Aleksander Barkov, Mika Zibanejad, Nick Suzuki, Brady Tkachuk and Ryan Pullock have all earned lucrative, long-term contracts in the past week alone.

Well, you can add Charlie McAvoy‘s name to this list of stars after the defenceman signed an eight-year, $76-million extension with the Boston Bruins, the team announced Friday.

McAvoy has finished top-10 in Norris Trophy voting in each of the past two years and will continue piloting Boston’s top defensive pairing and top power-play unit in 2021-22.

The 14th-overall pick from 2016 is a talented puck mover whose career plus-80 plus/minus rating ranks second among all defencemen since 2017-18 behind only Victor Hedman.

McAvoy’s 122 points in 235 games since debuting in 2017 ranks 34th overall among all defencemen but sixth among defencemen aged 25 or younger.

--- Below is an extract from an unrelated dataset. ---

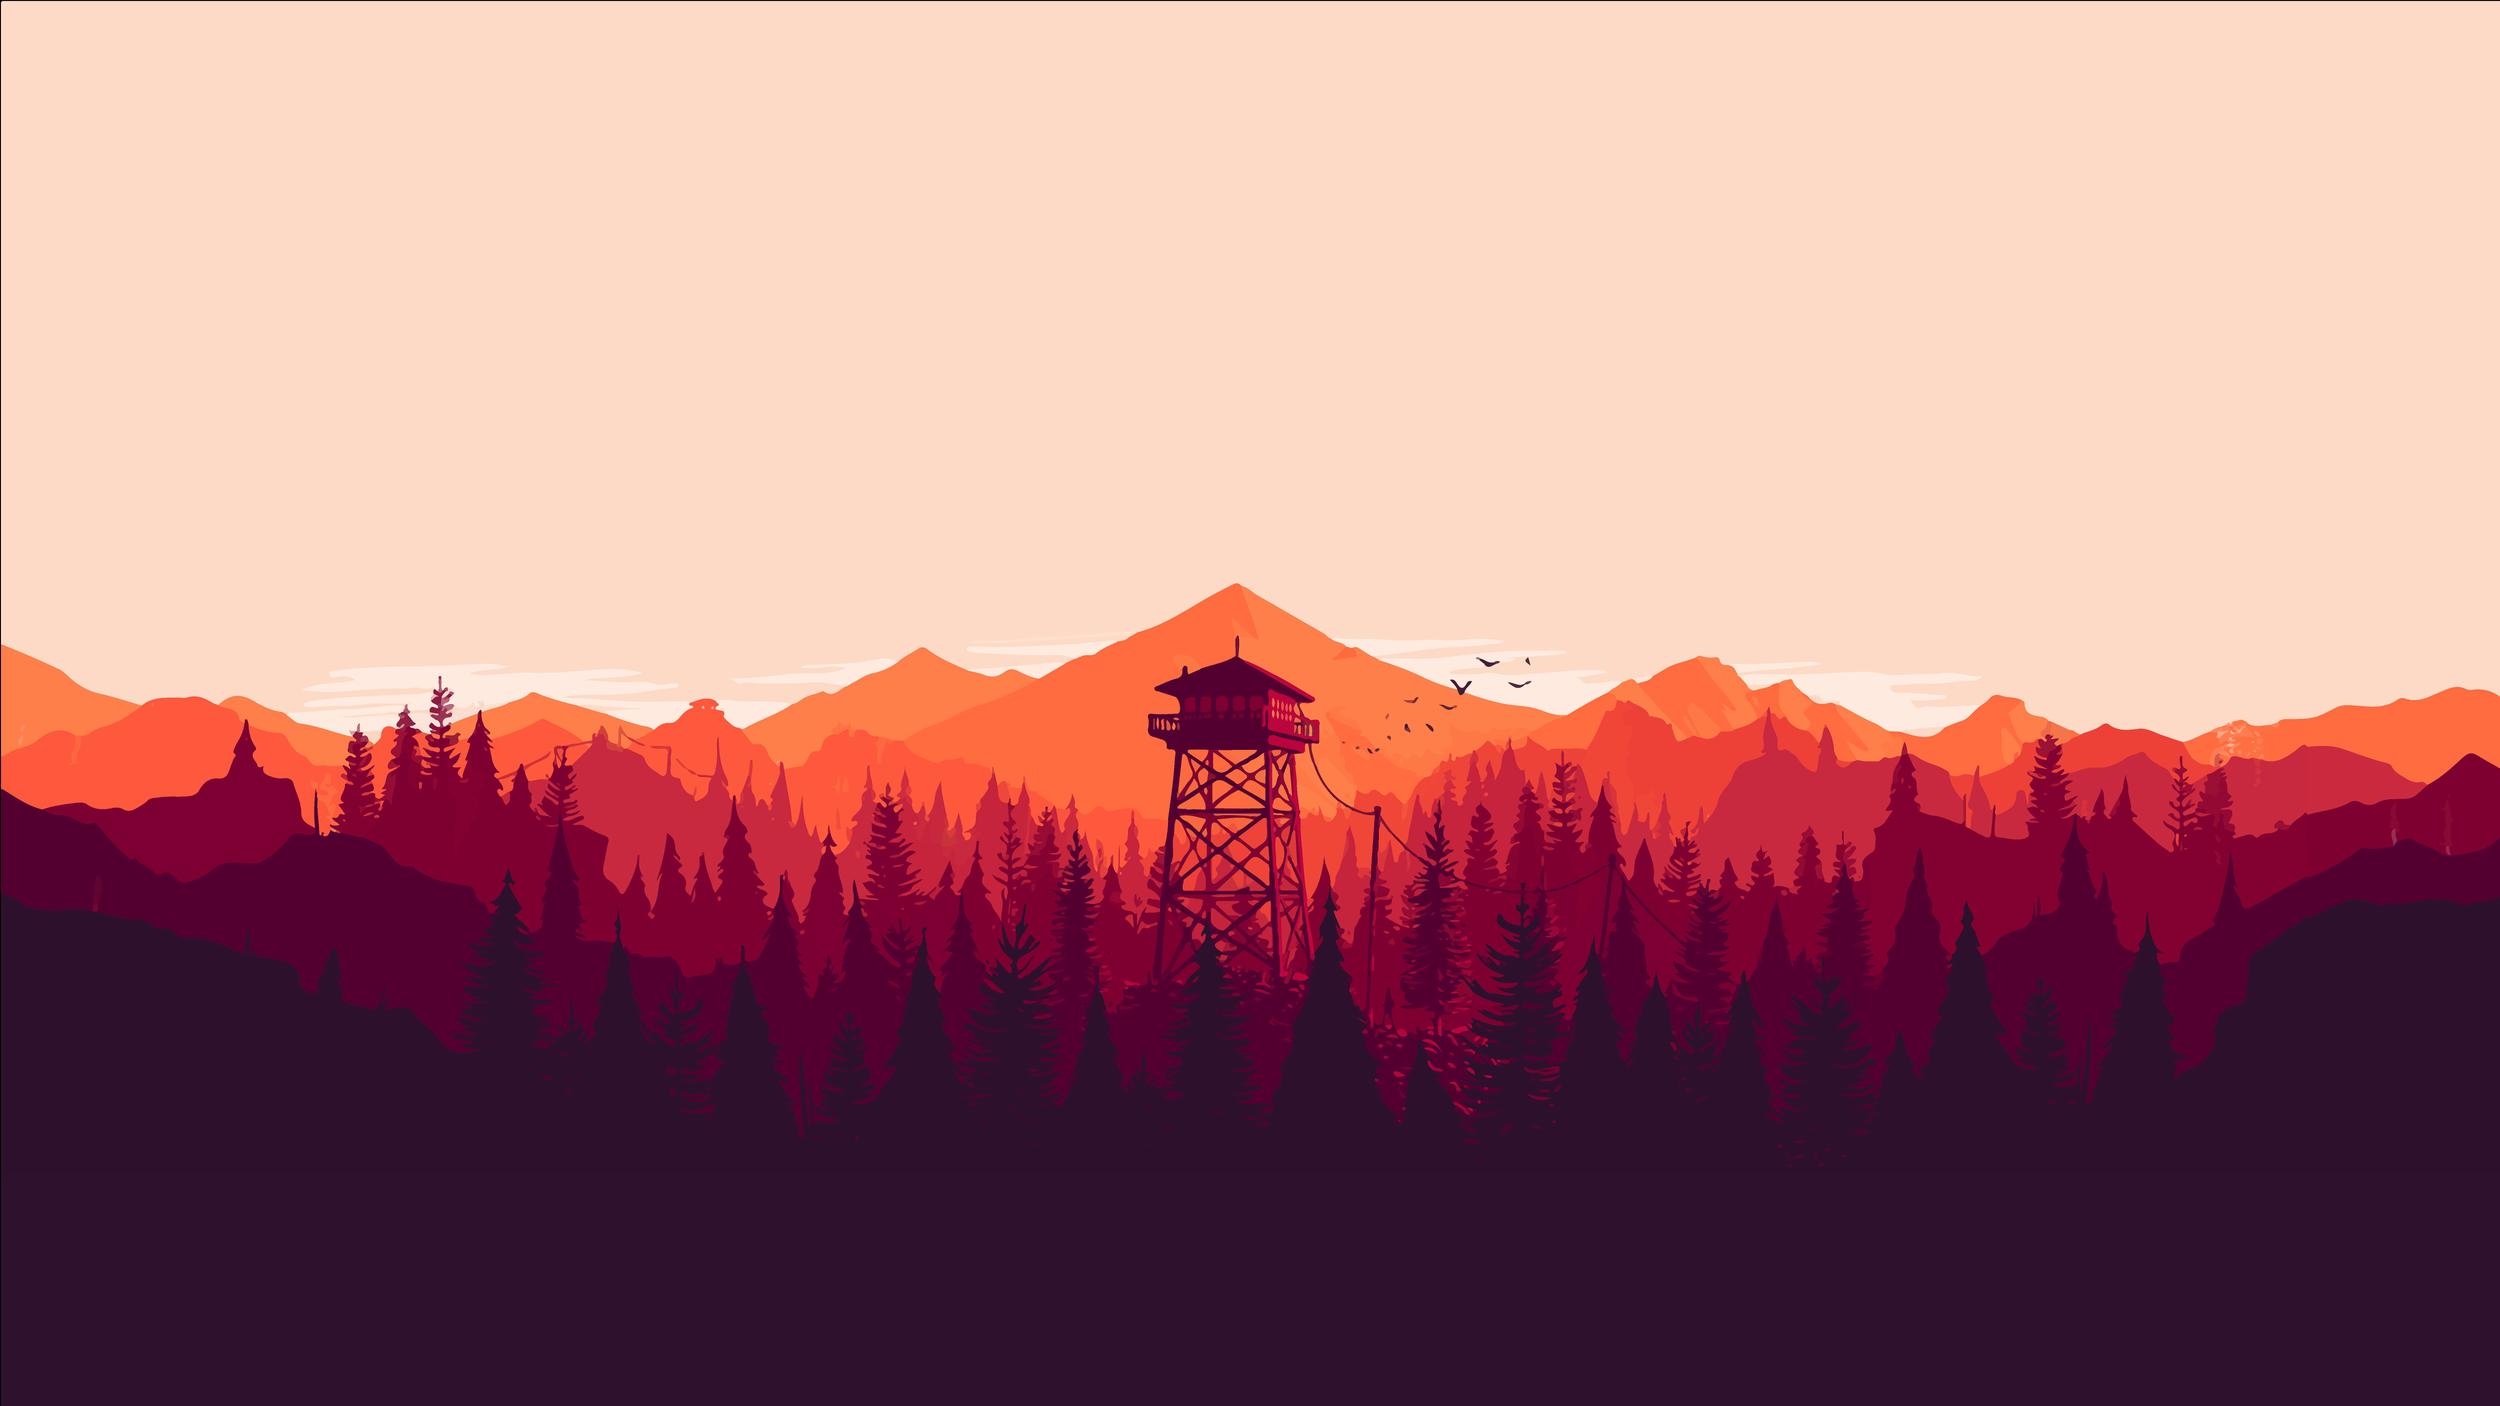 Minimal-Mountain-Wallpaper-Fireward-Red-Hues-DarGadgetZ-1.png
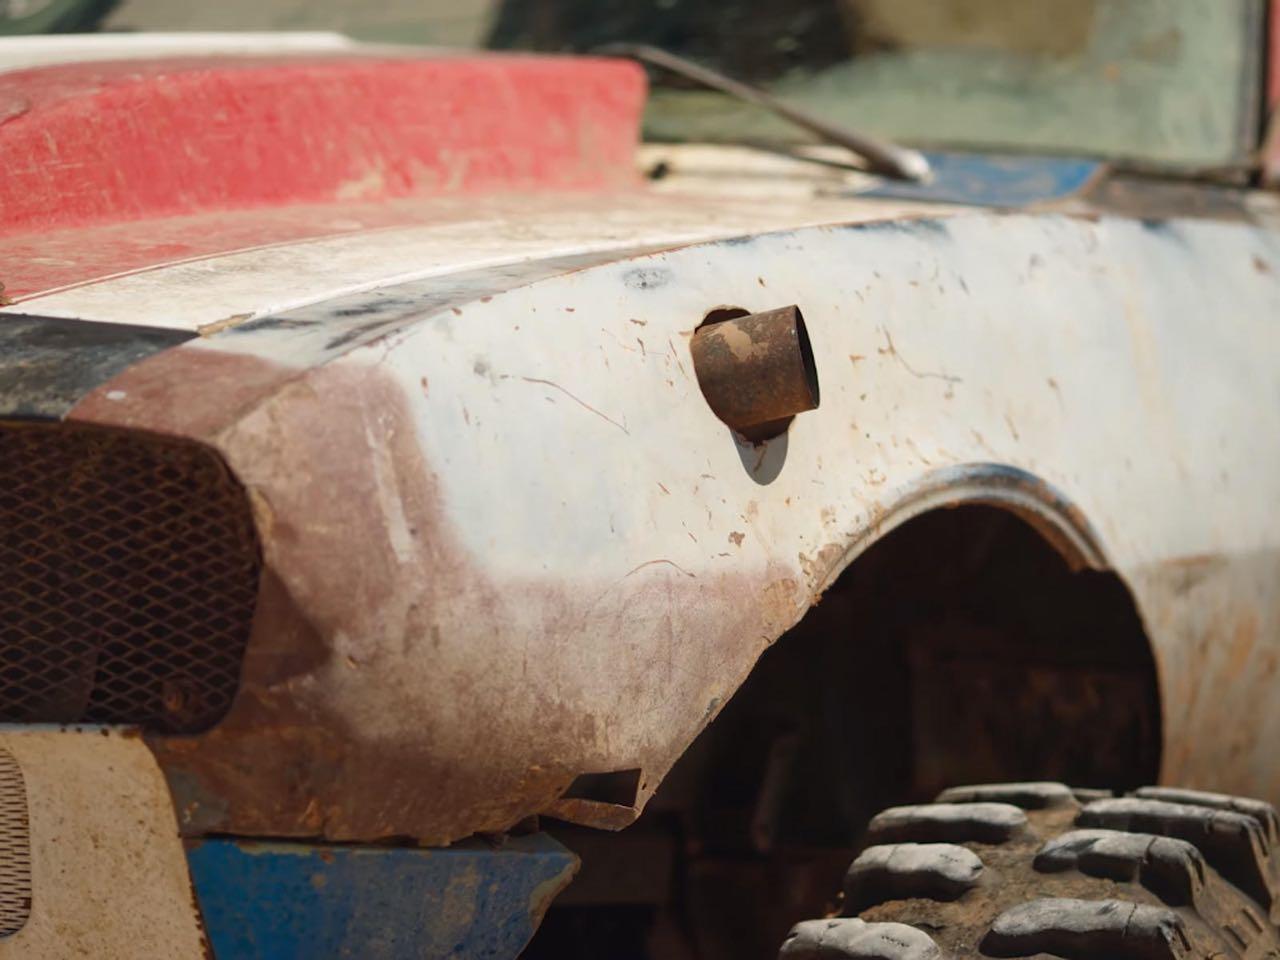 The Mudmaro : La fusion d'un Hummer H1 et d'une Camaro ! 9

Here’s a look at how McAvoy, and his new deal that kicks in for 2022-23, stacks up alongside other notable blueliners in their early- to late-20s on long-term deals with relatively substantial annual salary cap hits.

(Players ordered by AAV with current ages in parentheses.)

• Zachary Werenski (24) six years, $9.583M cap hit through 2028
Charlie McAvoy (23) eight years, $9.5M cap hit through 2030
• Seth Jones (27) eight years, $9.5M cap hit through 2030
• Darnell Nurse (26) eight years, $9.25M cap hit through 2030
• Dougie Hamilton (28) seven years, $9M cap hit through 2028
• Cale Makar (22) six years, $9M cap hit through 2027
• Miro Heiskanen (22) eight years, $8.45M cap hit through 2027
• Thomas Chabot (24) eight years, $8M cap hit through 2028
• Jacob Trouba (27) seven years, $8M cap hit through 2026
• Quinn Hughes (22) six years, $7.85M cap hit through 2027
• Aaron Ekblad (25) eight years, $7.5M cap hit through 2025
• Ivan Provorov (24) six years, $6.75M cap hit through 2025

Quite the dynamic group, isn’t it?

Taking more than 11 per cent of his team’s cap means McAvoy will be counted on to continue producing at least at the same rate he usually does – otherwise the optics won’t be great.

If the Bruins struggle as Makar, Hughes, Hamilton and others pile up significantly better point totals than McAvoy, the Long Beach, N.Y., native could bear the brunt of criticism from a loyal fan base.

However, if McAvoy’s recent playoff production is any indication of the numbers he’s capable of posting in the future then fans won’t have anything about which to worry. McAvoy had a career-best 12 points in 11 playoff games earlier this year.

Werenski is the only contemporary whose 2022-23 cap hit his currently higher than McAvoy’s, however it’s Werenski’s former D partner who ends up being the most direct comparison.

Although there’s more than a three-year age difference, Jones and the younger McAvoy have identical term and dollars on their new deals and their respective stat lines over the past three seasons are remarkably similar.

Don’t be surprised if in the next handful of years we see names like Adam Fox, Mikhail Sergachev, Rasmus Dahlin and a few others use McAvoy’s success as a comparative negotiating tool when it comes time for their agents to work on their next deals.